The Massacre of 1391, also known as the pogroms of 1391, was a display of antisemitism and violence against Jews in Spain. It was one of the Middle Ages' worst antisemitic outbreaks; Jews were ultimately given the choice of converting or leaving Spain in 1492. Jews in the Iberian Peninsula at this time were generally disliked, and violence against them was common even until the 15th century. The year 1391, however, marked a peak of anti-Jewish violence.

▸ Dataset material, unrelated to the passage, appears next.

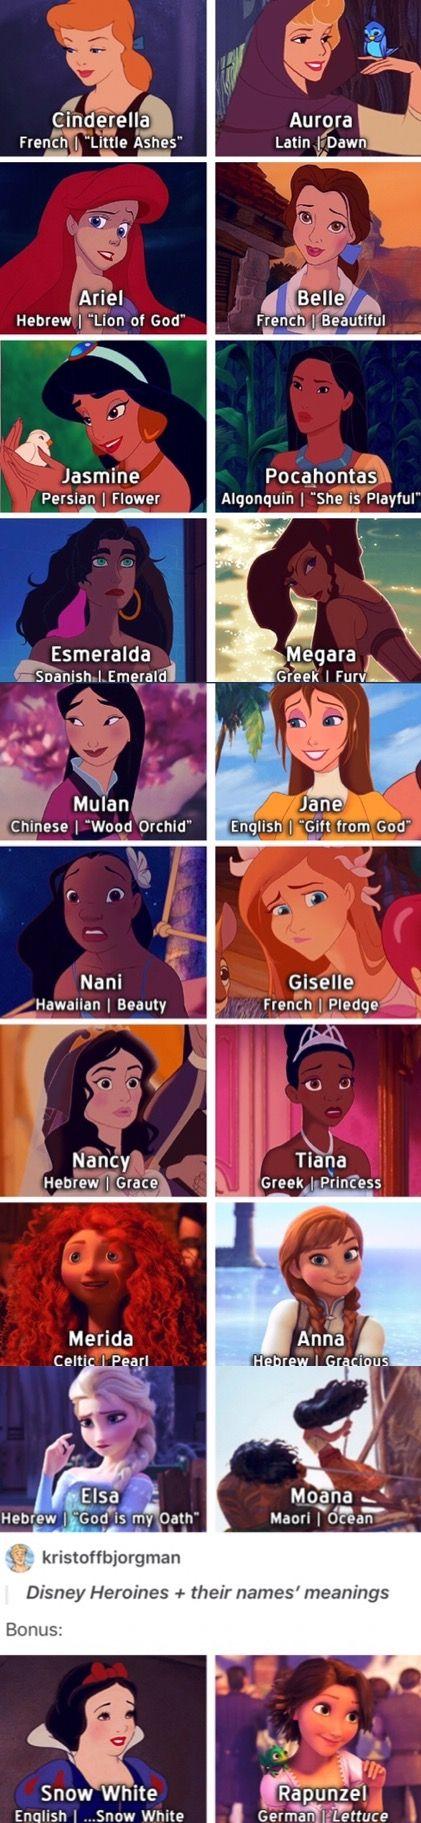 Disney Heroines + meaning of their names

Attitudes toward Jews in the 1300s 
In the years leading up to the Massacre of 1391, Jews were not particularly liked by the Catholic church because they were believed to have crucified the Christ. However, there was tolerance as they were under the protection of Spain and had crucial roles in banking and finance that made them a financial asset. In the early fourteenth century (1311–12) the general council of Vienne met and decided to censor the Moors' religious freedoms, and some would claim that the general council became aware of what their neighbors thought of their tolerance of Jews, and therefore returned to Spain with a newfound goal to damage the peaceful tolerance among  Jews, Moors, and larger Spanish population. However, while it is likely that this inspired ill feelings towards Jews, there was no drastic result because of the current tax on the Jewish people which contributed greatly to the kingdom and the church. Thus, Jews were too much of an economic asset to be violently discriminated against.

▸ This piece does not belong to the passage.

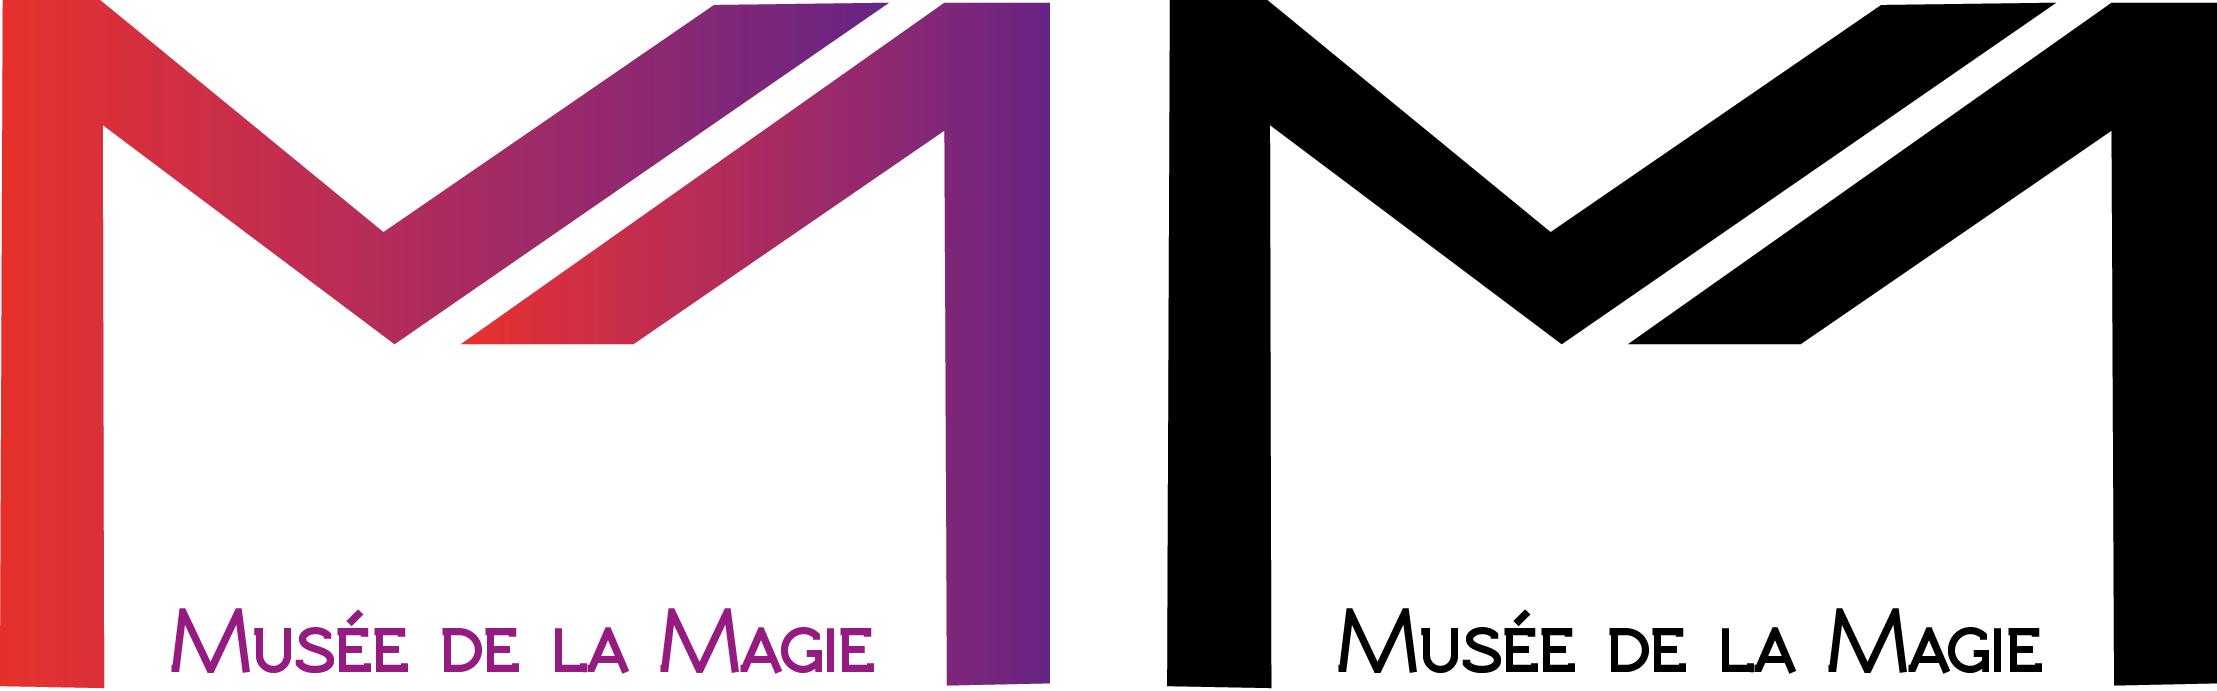 logo-musée-magie

Violence in the early 1300s 
Peter (Pedro) I (known by his enemies as Peter the Cruel) was the king of Castile from 1350 to 1365. Unlike the norm of abusing Jews financially, Peter was sympathetic to them. Some would explain his Jewish sympathy by claiming that he was illegitimately Jewish himself.

While a rebel against the church, Peter the Cruel had become a sort of protector of Jews against Henry of Trastamara, his half-brother. Henry had killed around 1,200 Jews in 1355, ordered a Jewish massacre in 1360, and was involved in the murder of many other Jews in 1366.  When Peter's half-brother Henry killed him during a battle in a civil war in 1369, Jews lost their royal protection and became the subject of attacks in Castile. They also were greatly taxed. While Henry had criticized his brother for being in support of Jews, he himself became tolerant of them because of the financial burdens placed on them and the services they provided. Because of Henry's violence toward them, the common people of Spain began to accept this violent antisemitism, but Jews were too important financially to be completely annihilated.

The tragedy of 1391 would not have been possible without the Archdeacon of Ecija, Ferrand Martinez, whose actions ignited this tragedy against the Jewish people. Ferrand Martinez was a well-respected and prominent member of the Catholic church, but in his preaching, Martinez would use political anti-Judaism to aid him as he harshly criticized Jews and would stir the people up against them. Martinez would carry his prejudices with him as a religious judge as he would illegally wrong Jews because of his negative feelings toward them. He even went so far as to write to the nearby authorities and command them to remove  Jews from living among them.

The Jews of Seville became greatly concerned with Martinez's orders, so they reached out to the King of Castile. Because of their importance to his finances, Henry sided with Jews in 1378 and told Martinez to stop his persecution of Jews. However, Martinez ignored Henry and continued to preach violence against Jews as he abused his power in the religious judiciary. Jews continued to complain to the king about the injustices against them, and Martinez was warned in 1382, 1383, and 1388 to stop abusing his power and preaching that the king would not punish anyone who attacked or killed Jews.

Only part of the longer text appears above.